This e-conversion is the work of Oxfordshire based Electrogenic. It specialises in kits for Land Rovers, there’s the inevitable (controversial) Porsche 911 offering and it’ll even make a DeLorean less awful. But the package that interests me most is the Classic Mini Conversion, because it’s a self-install job.

Yep, like a GM ‘crate V8’ in the US, this is a powertrain swap you can order online and do yourself. In simple steps: drop the sub 1.0-litre engine and original subframe, swap brakes and suspension onto a new Electrogenic subframe with e-motor attached, and mate it to your donor Mini.

 

Saving yourself a few quid on labour might appeal when you learn that the kit price itself is £25k for a 90bhp motor (plus VAT) and this 135bhp version is £30k. Plus VAT, donor car not included.

So, this isn’t a bargain city car, and neither is it necessarily the greenest way to go motoring because as we know, the largest part of an EV’s carbon emissions come in the creation of its battery. Here, the body’s manufacture happened six decades ago, but the new powertrain is going to take a while to offset.

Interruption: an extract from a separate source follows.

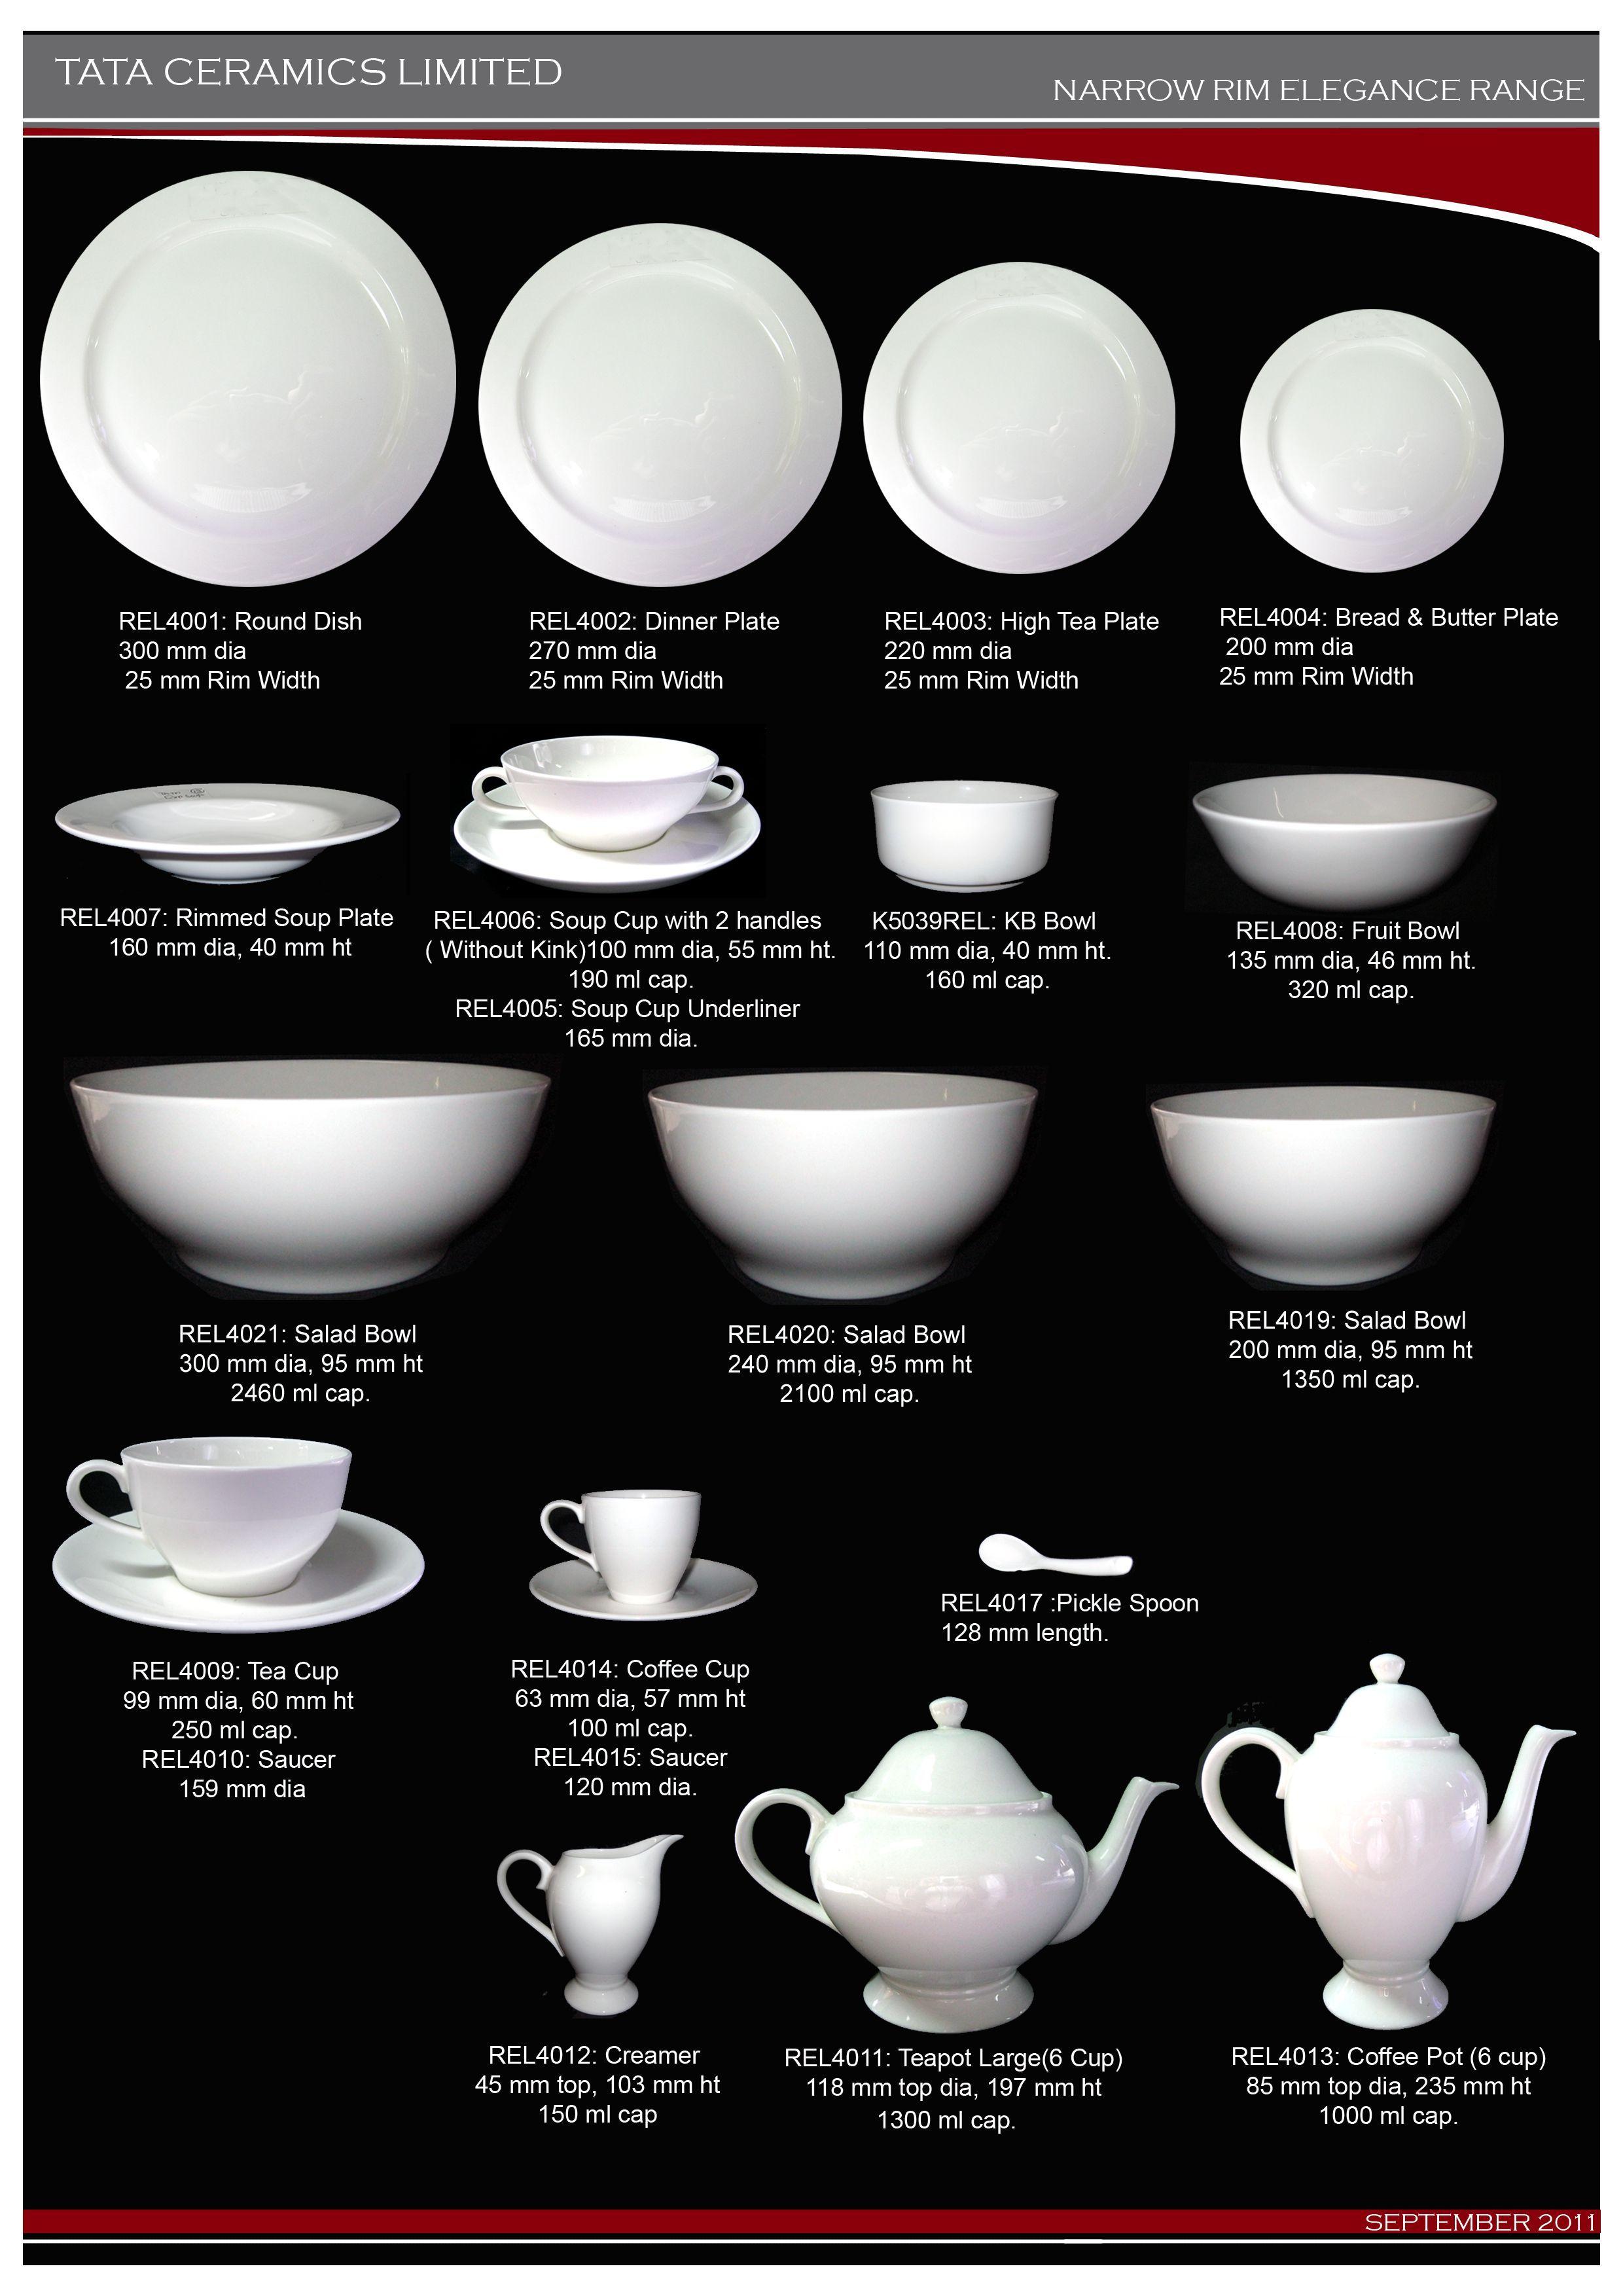 Narrow Rim Elegance Range Bone China Rim Tableware

Why bother? I suppose it’s the peace of mind that these conversions make classics so much more usable for people who don’t like to spend their Sundays elbow deep in an oily pit “tinkering with the old girl”. The lion’s share of Electrogenic’s business is exported to America. Whether you like the idea or think it’s sacrilege, there’s apparently a healthy market for mixing the impossibly cool Carnaby Street aesthetic with the push and go operational ease of an iPhone.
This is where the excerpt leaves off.